The subsequent three election cycles seemingly confirmed the Democratic advantage, as the party expanded its control of the congressional delegation, gained two-thirds supermajorities in both legislative houses in 2012, lost them briefly in 2014, and regained them in 2016.
A new mathematical analysis of the 2011 maps reaches the same conclusion, contrasting them with the last redistricting by the Legislature in 2001.
“This evaluation of the California Redistricting Commission maps suggests that the CRC plans have been more favorable to Democrats, on average, than the plans drawn by the California Legislature in 2001,” says the study, conducted by a Public Policy Institute of California research team headed by Eric McGhee.

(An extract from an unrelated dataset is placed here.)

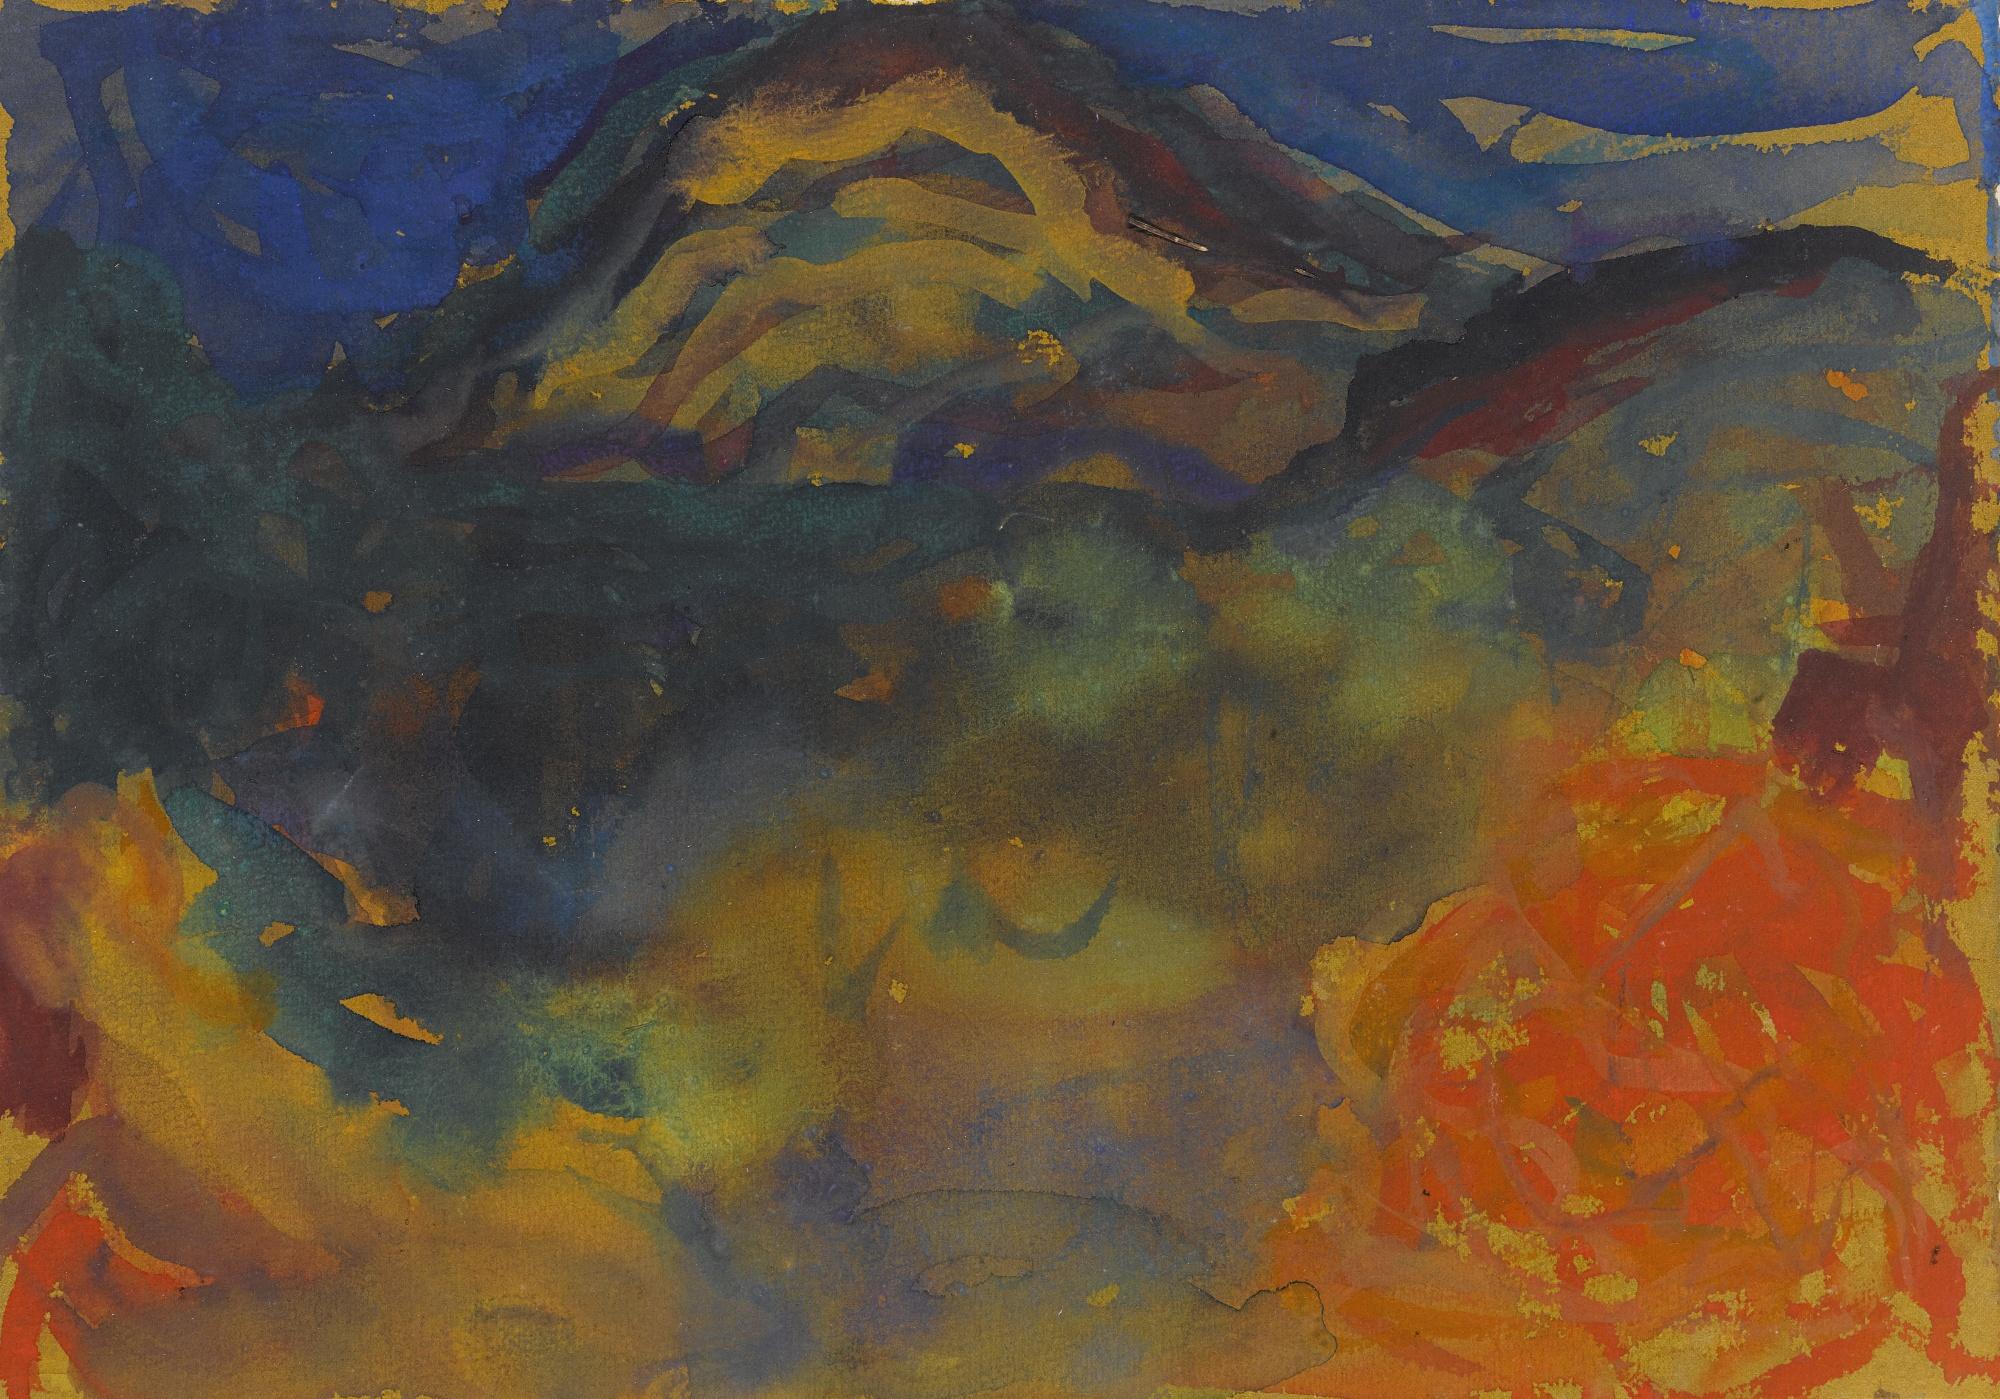 Jan Muller-P-14 Carcassonne Mt. Number 19-1953

“However, much of the difference appears to be driven by outlier elections. There is some inconsistency, but the typical election year features a small advantage under the CRC plans.”

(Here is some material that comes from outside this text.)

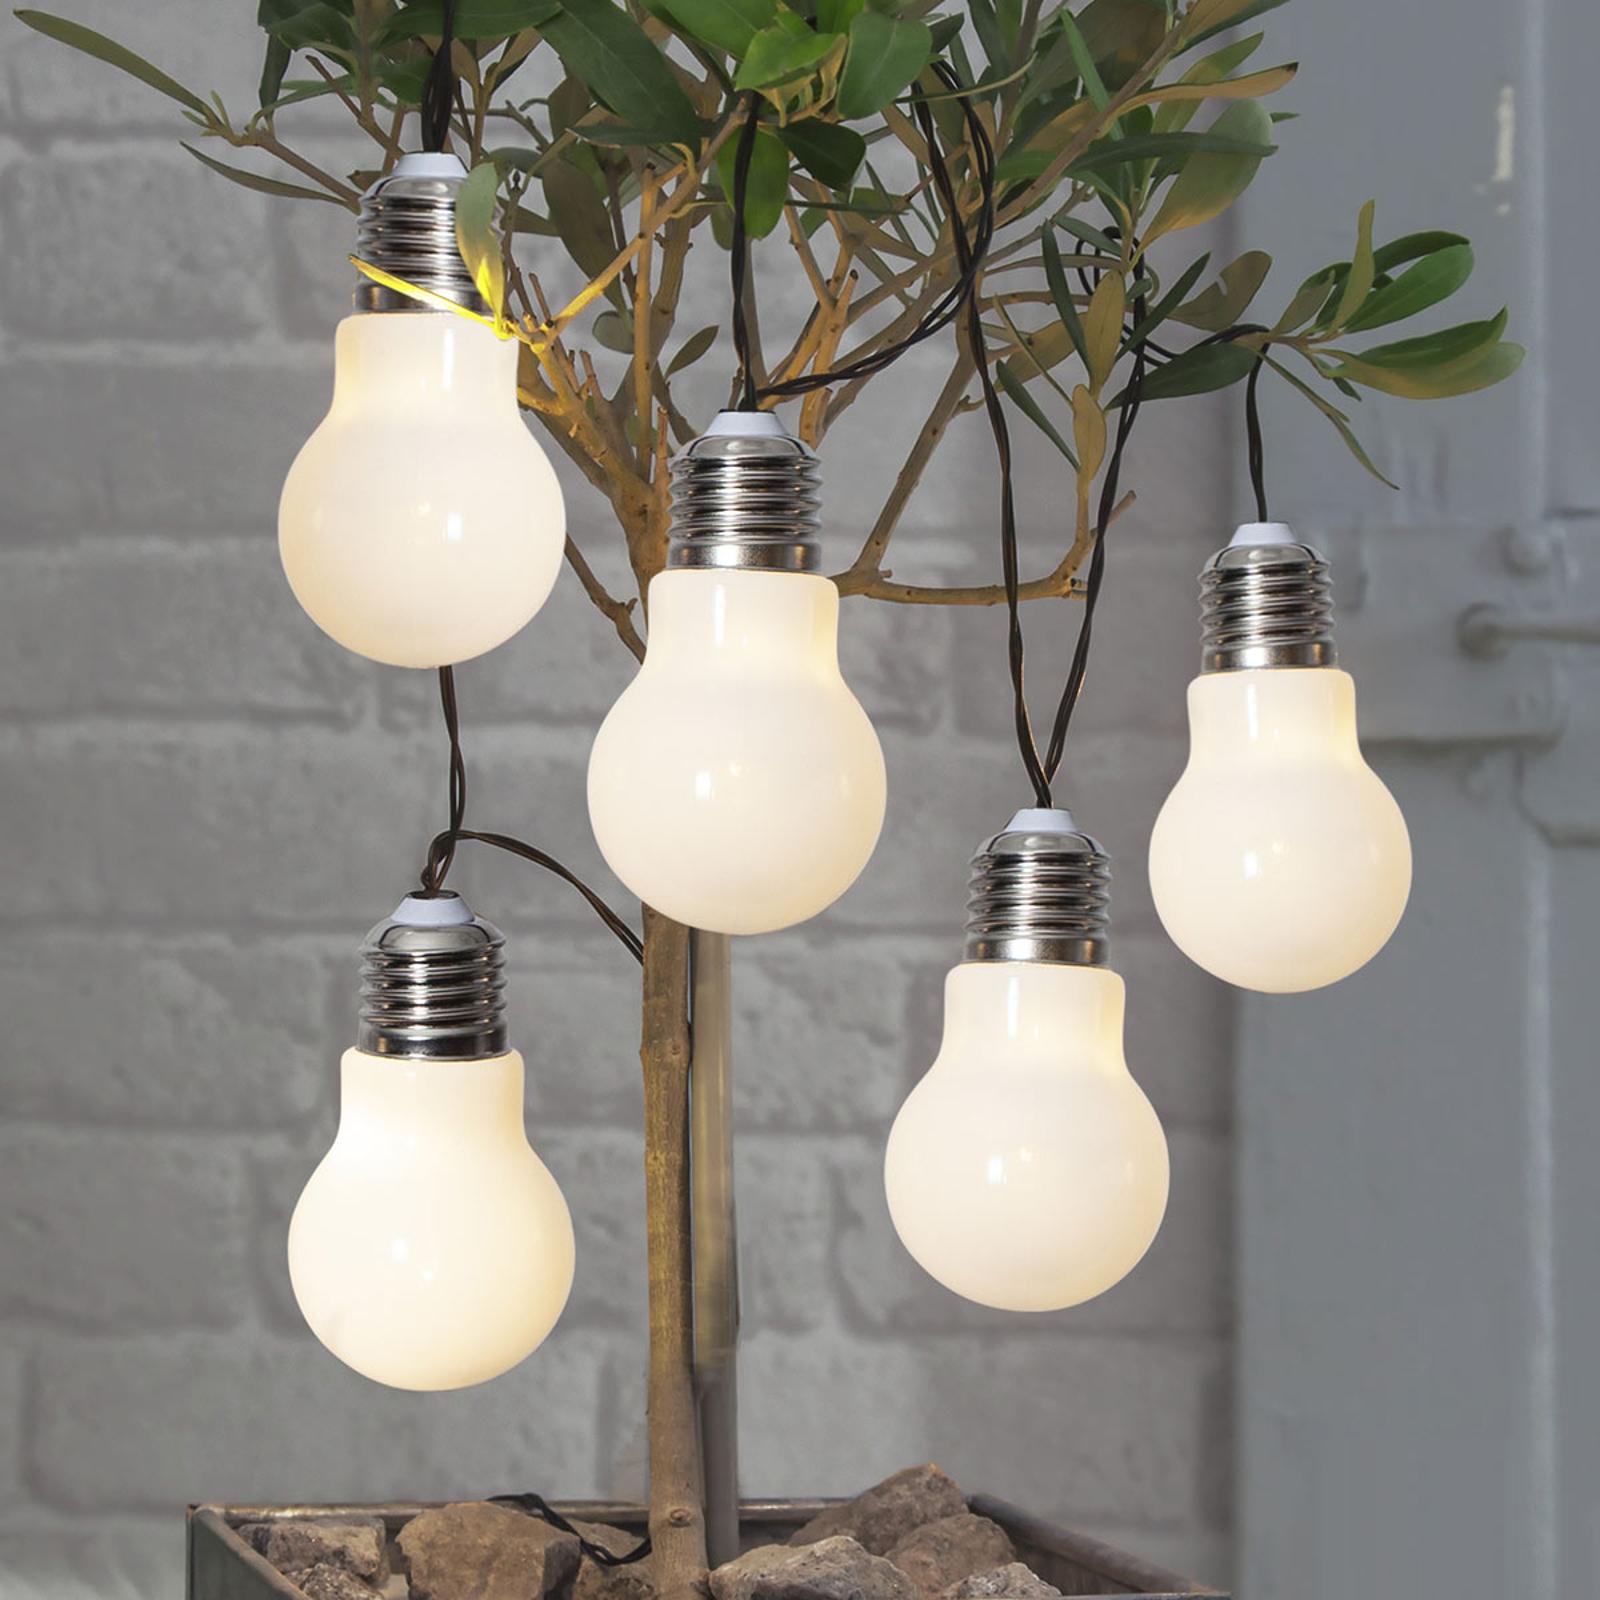 LED-Lichterkette Glow, Batterie, weiß

Does that mean that the CRC, composed of equal numbers of Democrats, Republicans and declined-to-state voters, consciously helped Democrats tighten their already strong grip on California?
Some Republicans believe so, but the McGhee study, the historic record on redistricting and my personal observation of the CRC’s incredibly lengthy meetings, which delved deeply into block-by-block minutiae of 173 legislative and congressional districts, indicate otherwise.
As McGhee accurately notes, the 2001 maps were a bipartisan gerrymander, aimed at preserving the numerical status quo in the Legislature and the state’s congressional delegation.
Democrats controlled the Legislature and the governorship at the time, and theoretically could have grabbed every possible seat through creative cartography – as they had the previous time they controlled the process, in 1981. But for a variety of reasons, including the possibility of intervention by the Republican-controlled U.S. Department of Justice, Democrats agreed with Republicans to enshrine the status quo.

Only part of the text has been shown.